These early recordings are incredibly crude, and they did not have the technology at the time to play them back. They were just experiments in trying to view sound waves, not attempts to preserve information for future generations.

Ah I stand corrected, thanks.

It seems like you're using WaveNet to do speech-to-text when we have better tools for that. To transfer text from Trump to Clinton, first run speech-to-text on Trump speech and then give that to a WaveNet trained on Clinton to generate speech that sounds like her but says the same thing as Trump.

> It seems like you're using WaveNet to do speech-to-text

I'm proposing reducing a vocal performance into the corresponding WaveNet input. At no point in that process is the actual "text" recovered, and doing so would defeat the whole purpose, since I don't care about the text, I care about the performance of speaking the text (whatever it was).

In your example, I can't force Trump to say something in particular. But I can force myself, so I could record myself saying something I wanted Clinton to say [Step 3] (and in a particular way, too!), and if I had a trained WaveNet for myself and Clinton, I could make it seem like Clinton actually said it.

I see. I still think it's easier to apply deepmind's feature transform on text rather than to try to invert a neural network. Armed with a network trained on Trump, deepmind's feature transform from text->network inputs, you should be able to make him say whatever you want, right?

Text -> features -> TrumpWaveNet -> Trump saying your text

> Armed with a network trained on Trump, deepmind's feature transform from text->network inputs, you should be able to make him say whatever you want, right?

Yes, that should work, and by tweaking the WaveNet input appropriately, you could also get him to say it in a particular way.

Sounds like a very fancy way to do compression with a massive custom dictionary.

Thanks for the tl;dr. However, the fun fact is not true for surjective functions, IIRC, in which case multiple inputs may relate to one output, if this is relevant for WaveNets.

Nitpicking: surjective functions do not relate to unicity of ouptuts; you'd rather talk about non-injective functions. I agree with your point, though.

(surjective != non-injective, in the same way that non-increasing != decreasing)

Wonder if there are any implications here for breaking (MitM) ZRTP protocol.


At some point to authenticate both parties verify a short message by reading it to each other.

However, NSA has already tried to MitM that about 10 years ago by using voice synthesis.

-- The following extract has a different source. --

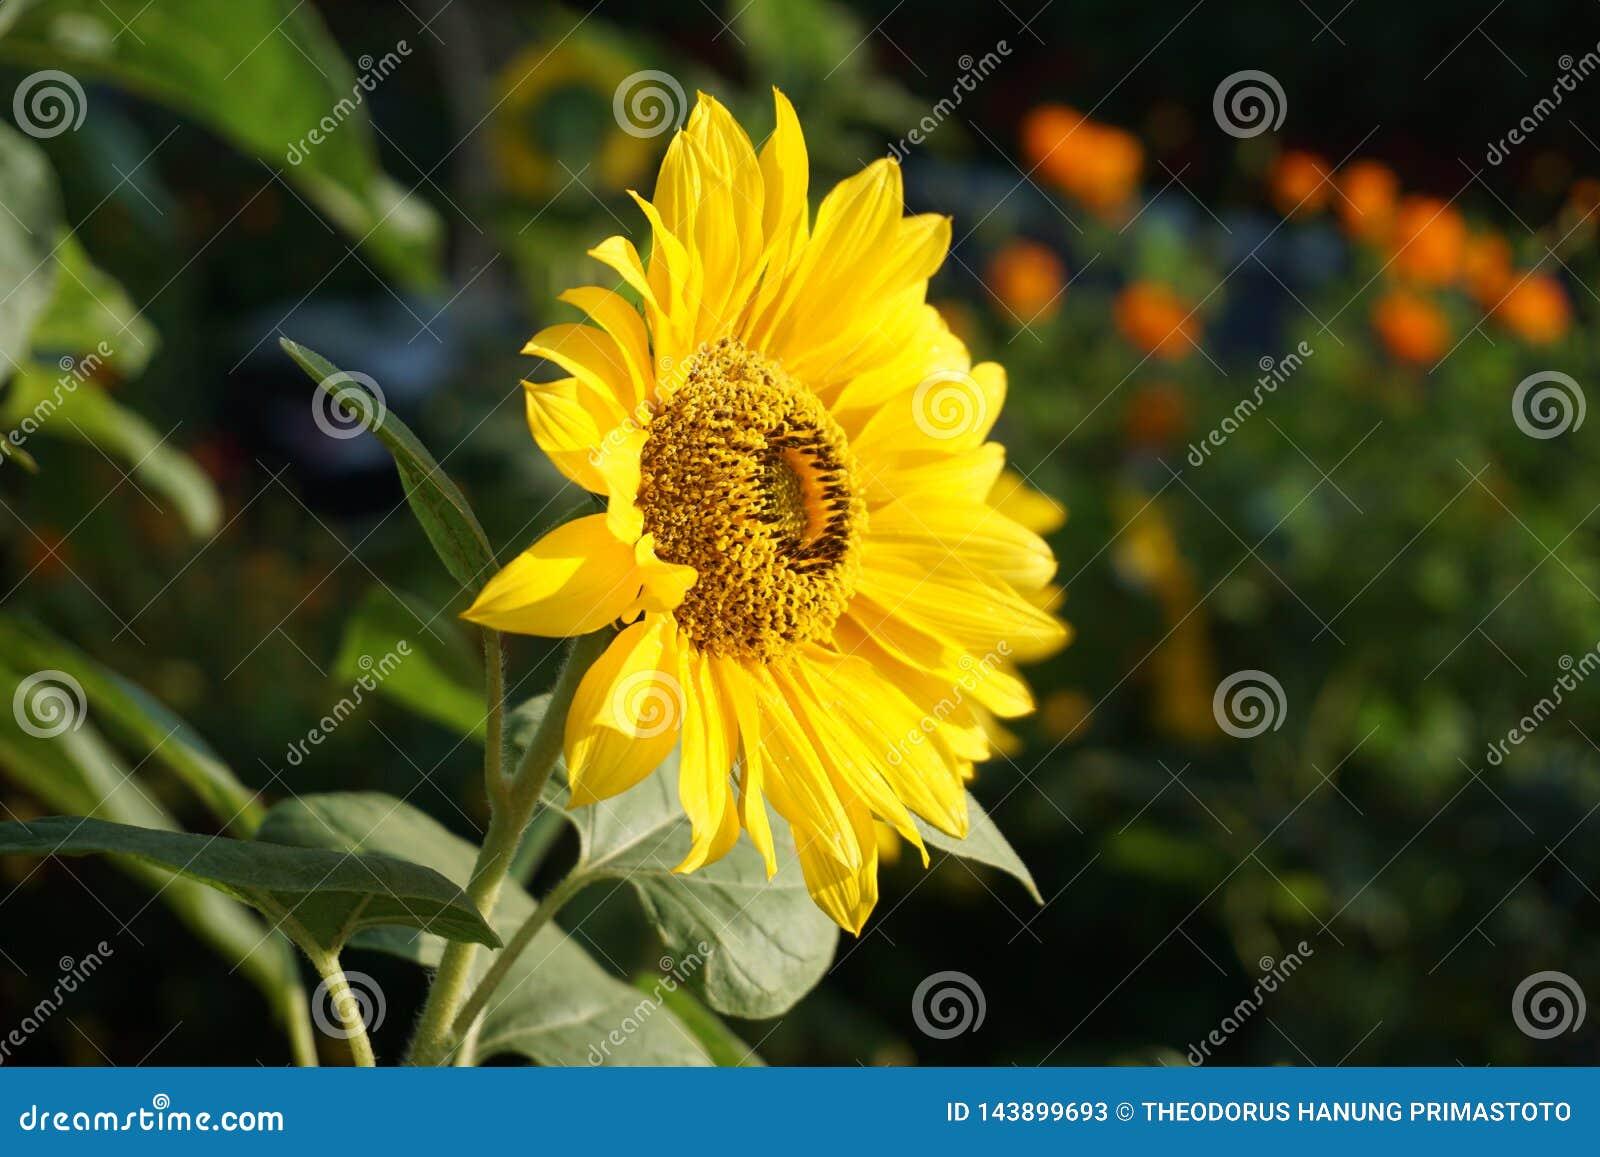 Солнцецвет в тропическом цветочном саде

It was deemed inadequate at the time. Wonder if TTS improvements like these, change that game and make it more plausable scenario.

This will make private in person key exchange way more important. Especially as the attack vector is so cheap (software).

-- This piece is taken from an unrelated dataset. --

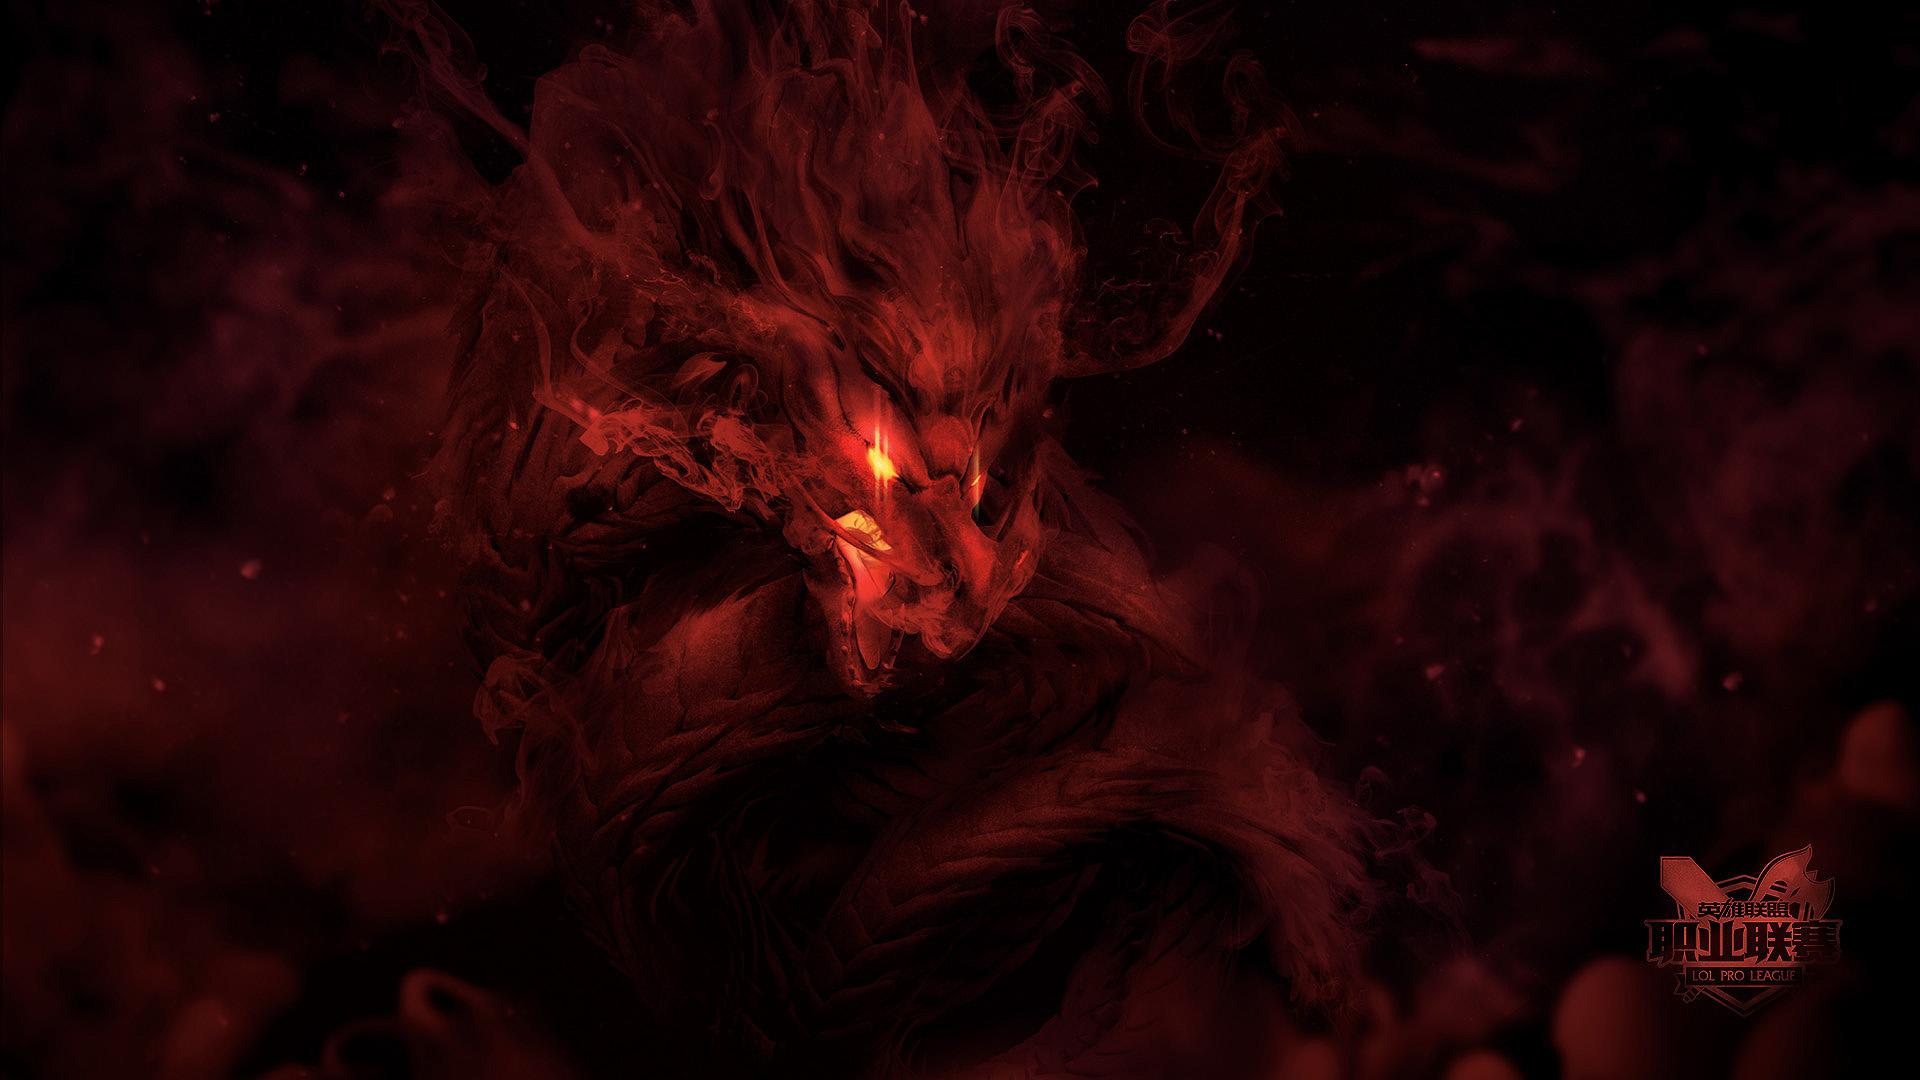 Red Devil Hd Wallpaper Lol Esports

The samples sound amazing. These causal convolutions look like a great idea, will have to re-read a few times. All the previous generative audio from raw audio samples I've heard (using LSTM) has been super noisy. These are crystal clear.

Dilated convolutions are already implemented in TF, look forward to someone implementing this paper and publishing the code.

I did a review for PixelCNN as a part of my summer internship, it covers a bit about how careful masking can be used to create a chain of conditional probabilities [0], which AFAIK is exactly how this "causal convolution" works (can't have dependencies in the 'future'). The PixelCNN and PixelRNN papers also cover this in a fair bit of detail. Ishaan Gulrajani's code is also a great implementation reference for PixelCNN / masking [1].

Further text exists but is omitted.